[[ Data for review open ]]

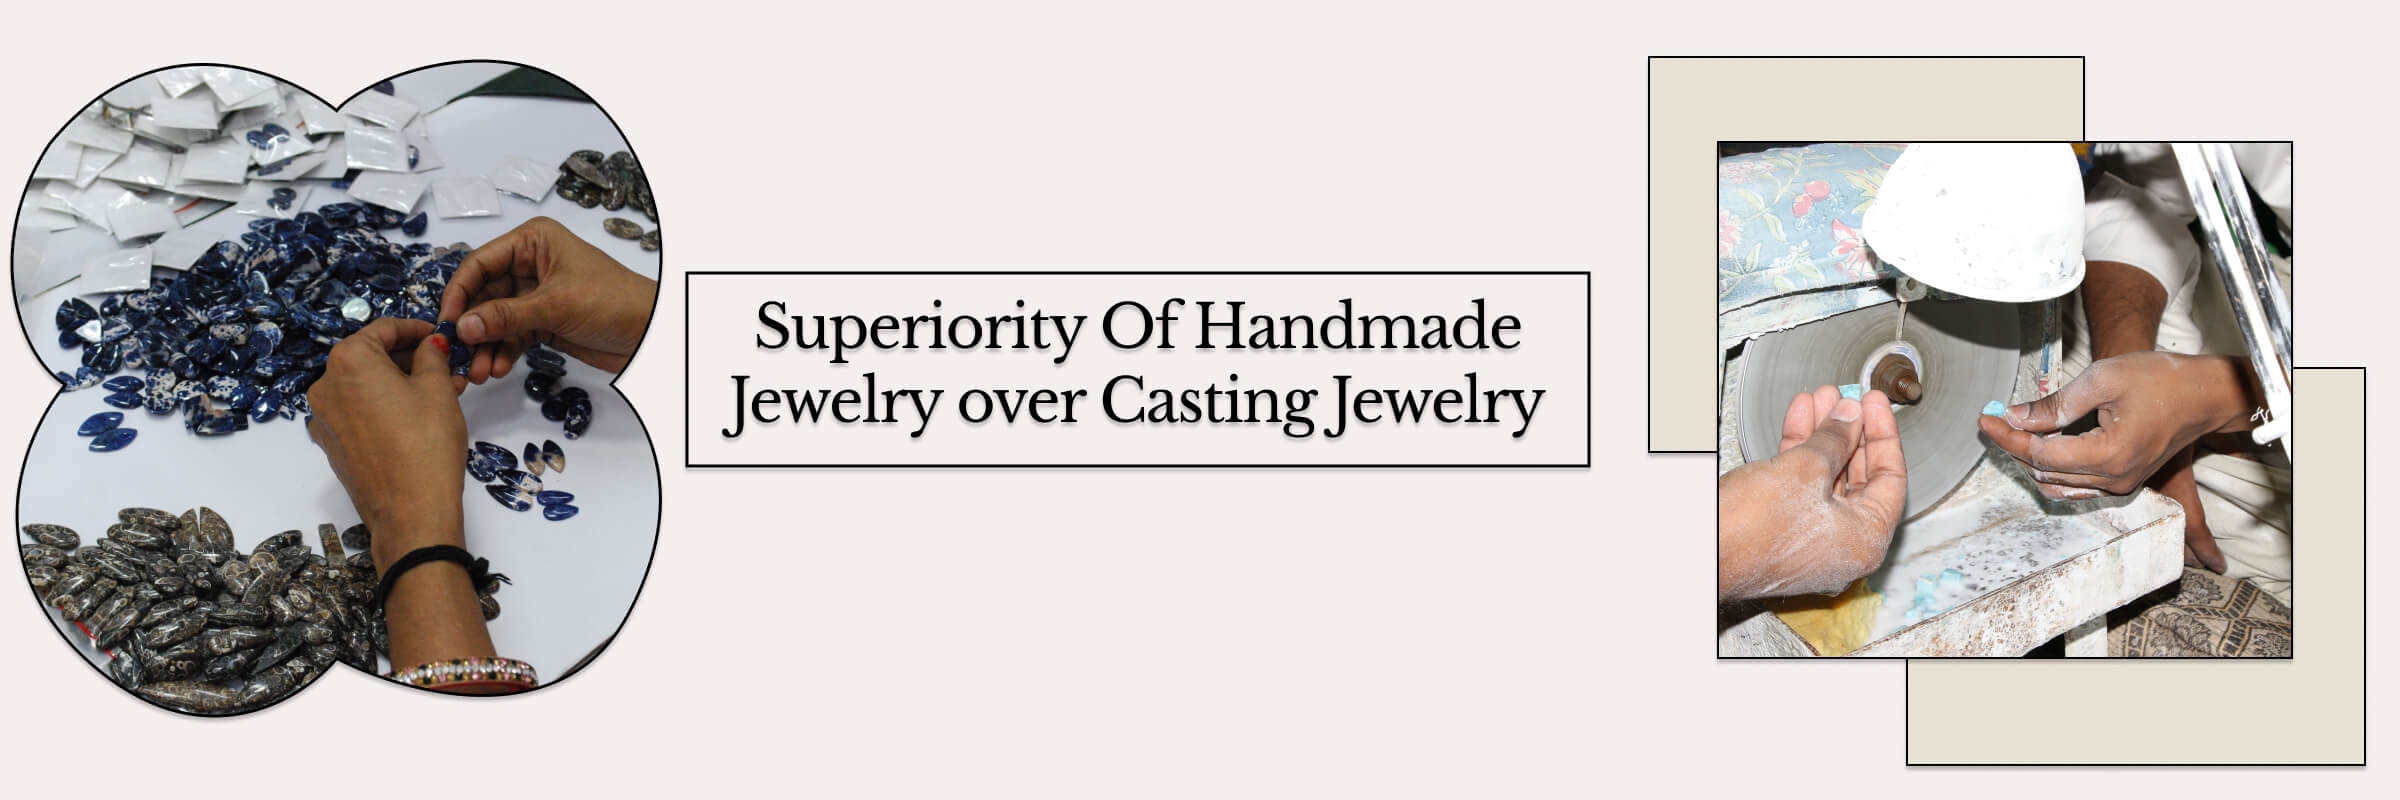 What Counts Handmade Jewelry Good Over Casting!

[[ Data for review closed ]]
[[ Data for review open ]]

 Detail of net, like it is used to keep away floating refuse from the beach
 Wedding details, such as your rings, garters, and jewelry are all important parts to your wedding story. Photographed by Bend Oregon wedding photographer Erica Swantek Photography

[[ Data for review closed ]]

» What the task requires
Within the material above, copy exactly the lines from the line that holds "Detail of net, like" up to and including the line that holds "Wedding details, such".

» Exercise response
 Detail of net, like it is used to keep away floating refuse from the beach
 Wedding details, such as your rings, garters, and jewelry are all important parts to your wedding story. Photographed by Bend Oregon wedding photographer Erica Swantek Photography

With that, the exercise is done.